• **Dataset extract**:

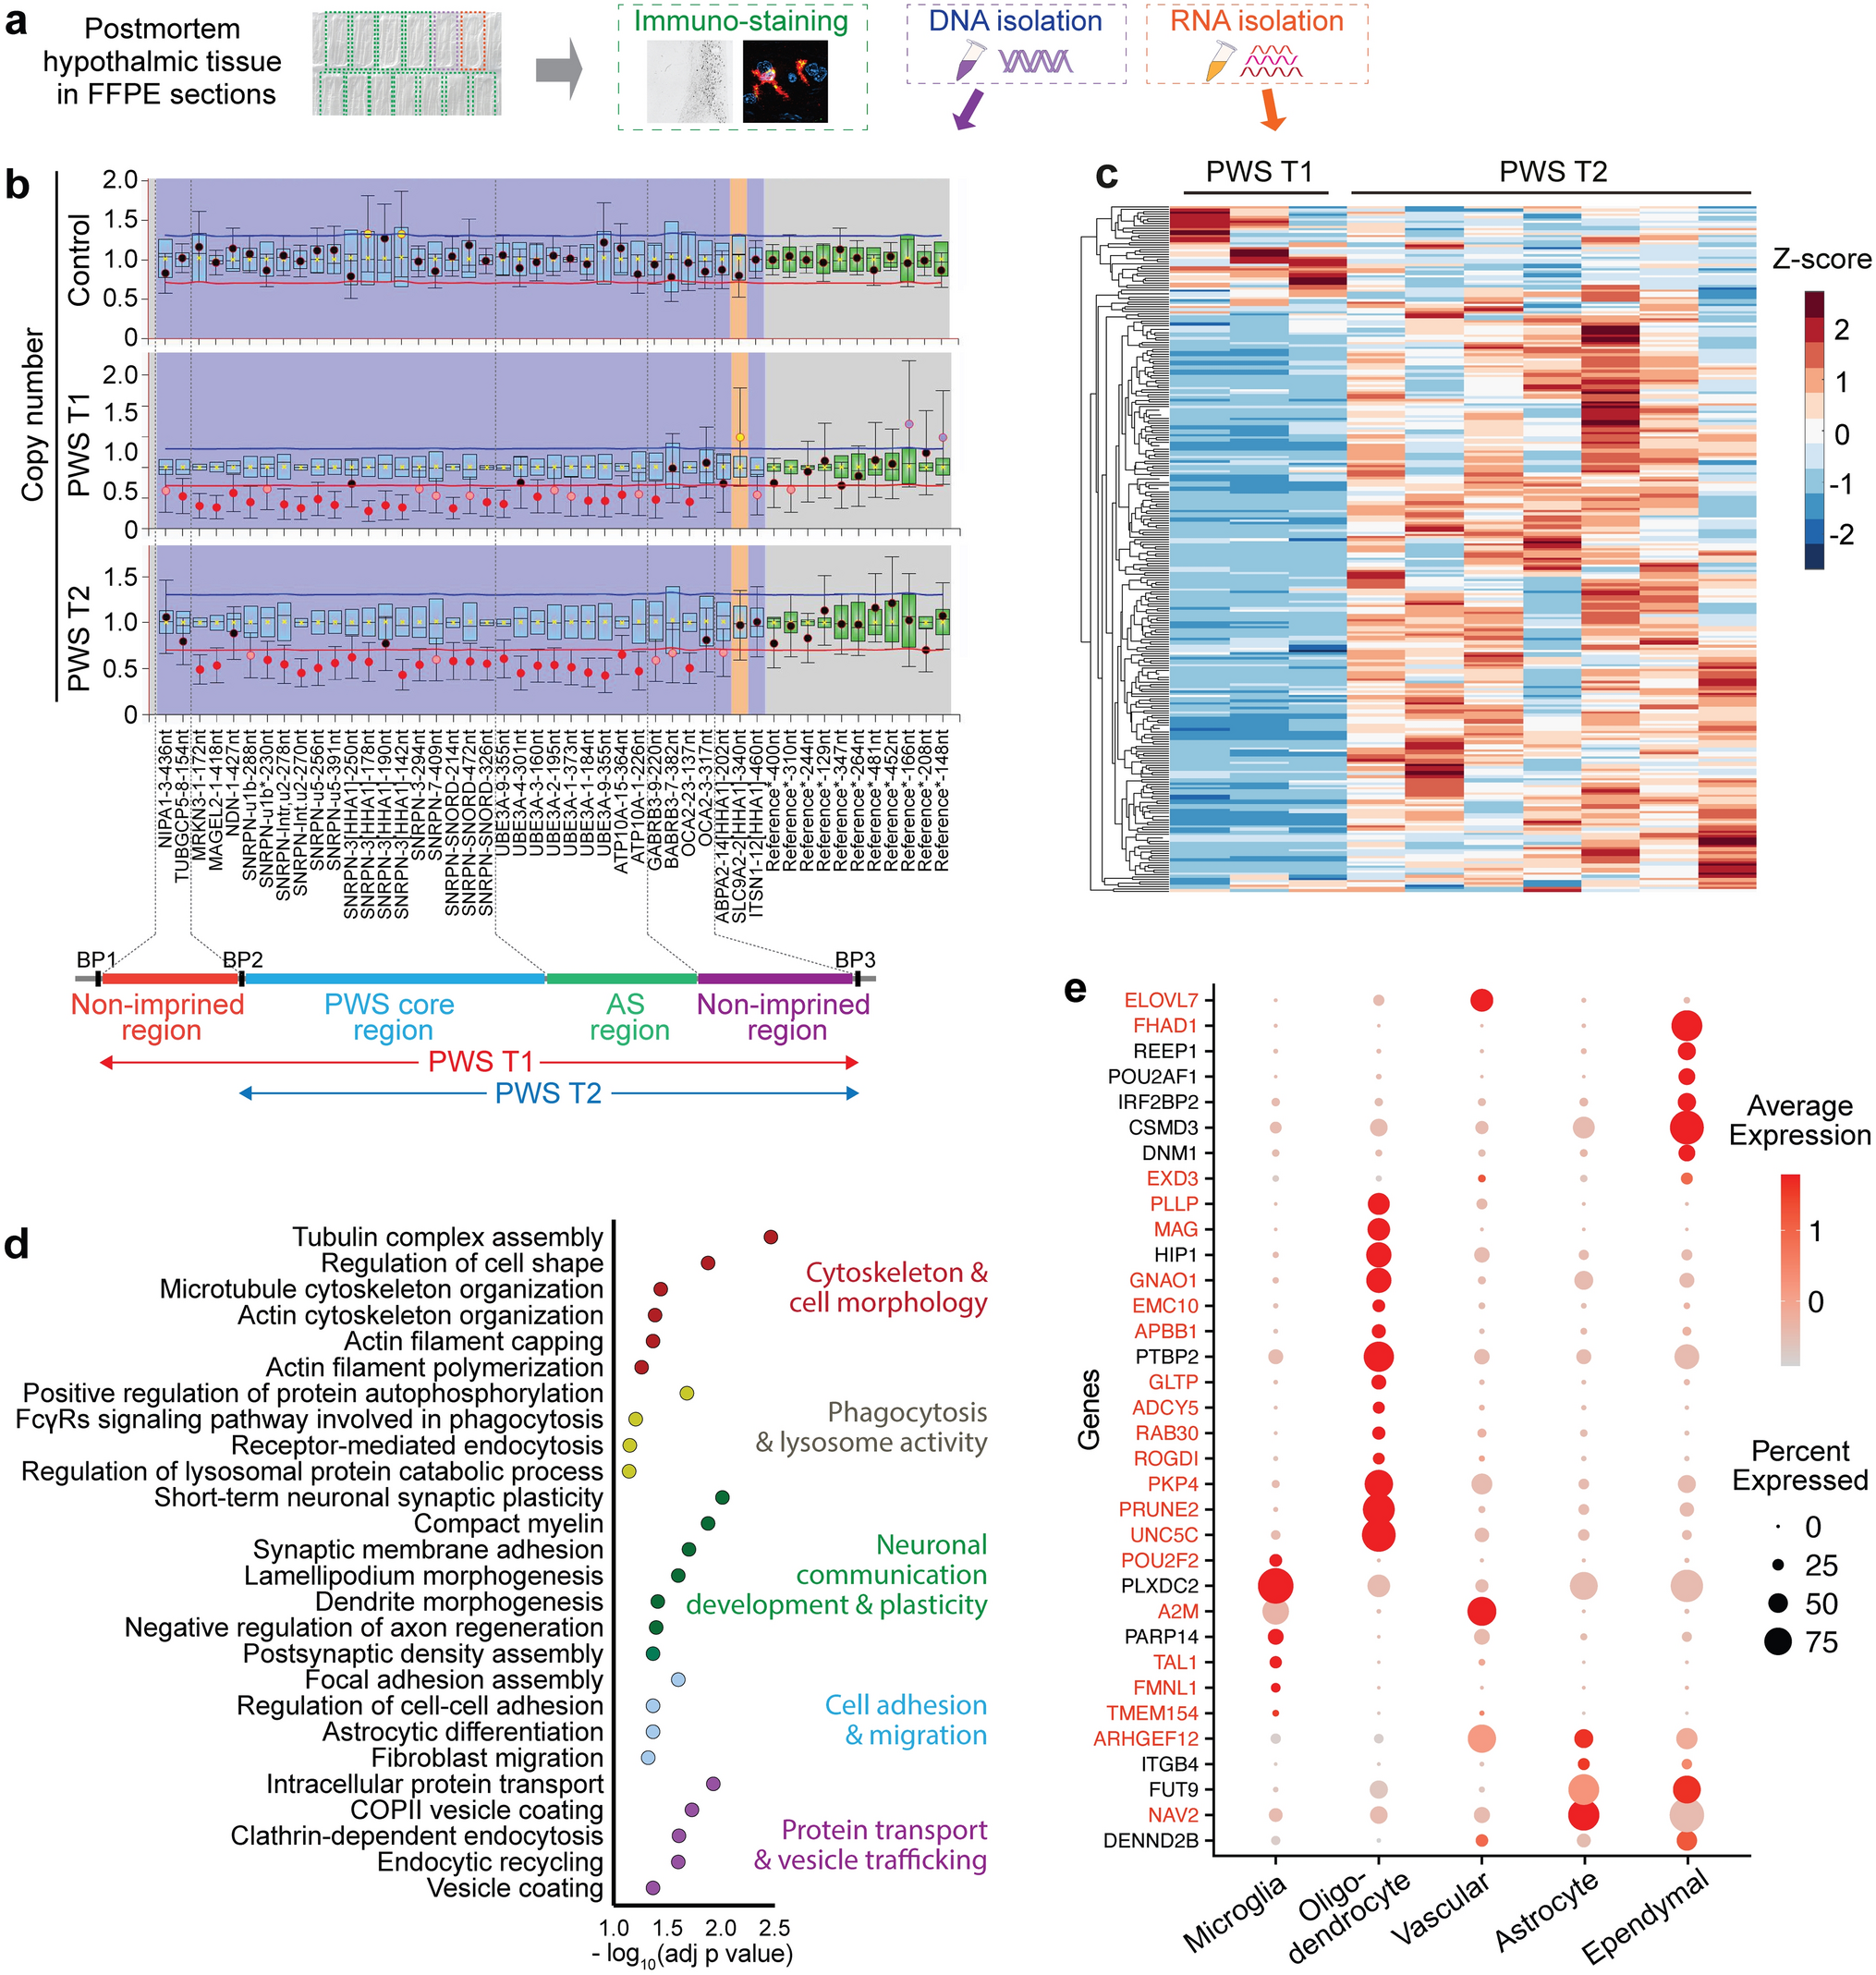 Microglial phagolysosome dysfunction and altered neural communication amplify phenotypic severity in Prader-Willi Syndrome with larger deletion
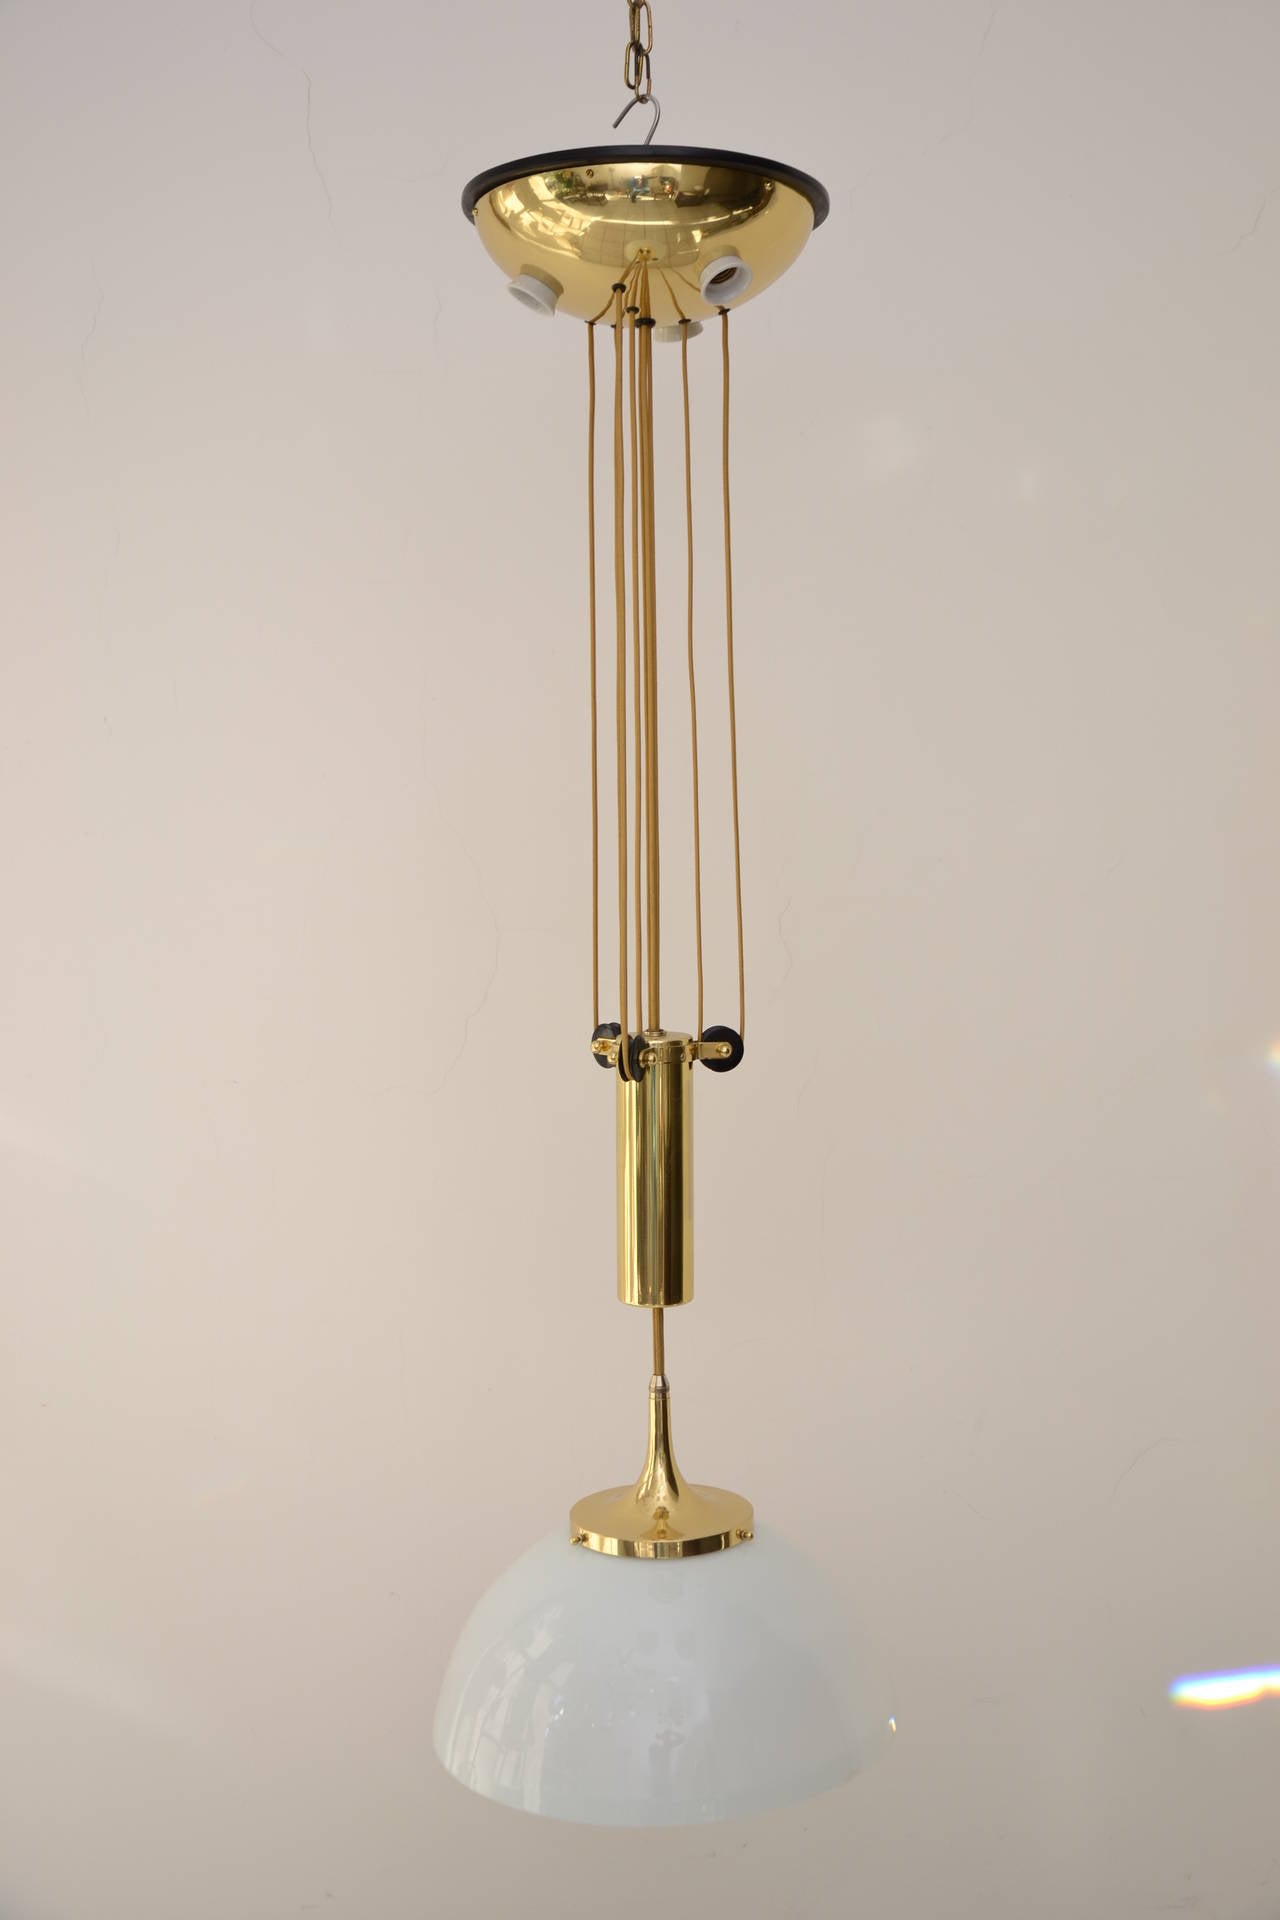 Adjustable chandelier, Vienna, circa 1905.
Brass polished and stove enamelled.
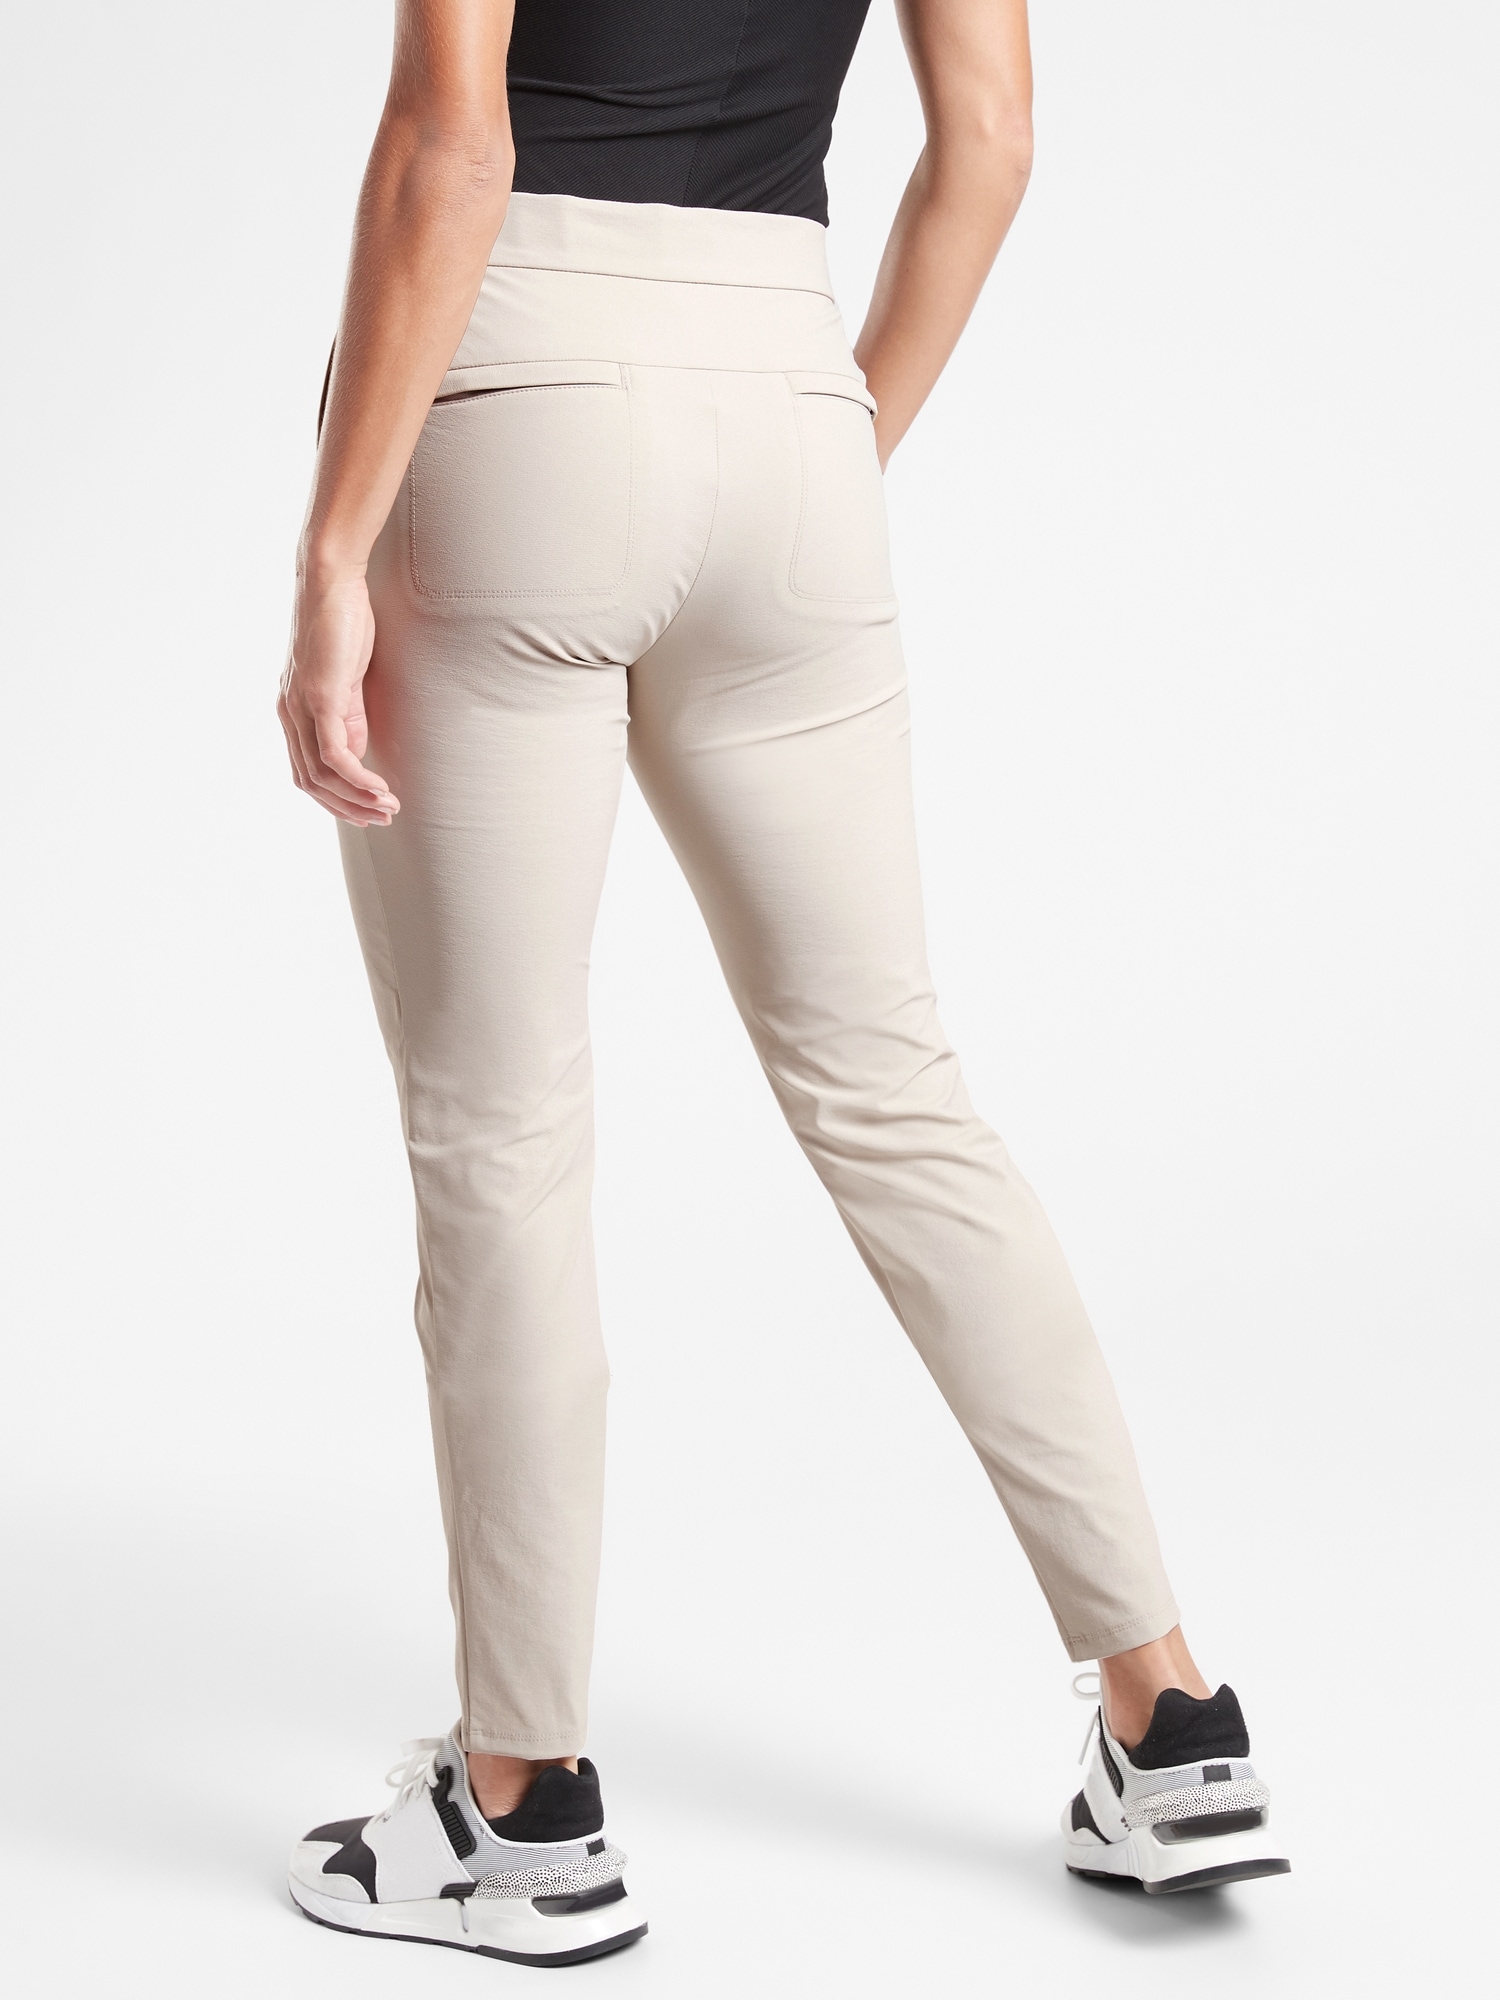 Details about  / ATHLETA WANDER STRAIGHT PANT WORK HIKING $108.00 NWT SIZE 12 TALL #353692

• **Description of the task**:
Set down, in exact form, only the lines that start at the one containing "Brass polished and stove enamelled." and finish at the last line of the material; pictures do not go in.

• **Output**:
Brass polished and stove enamelled.
 Details about  / ATHLETA WANDER STRAIGHT PANT WORK HIKING $108.00 NWT SIZE 12 TALL #353692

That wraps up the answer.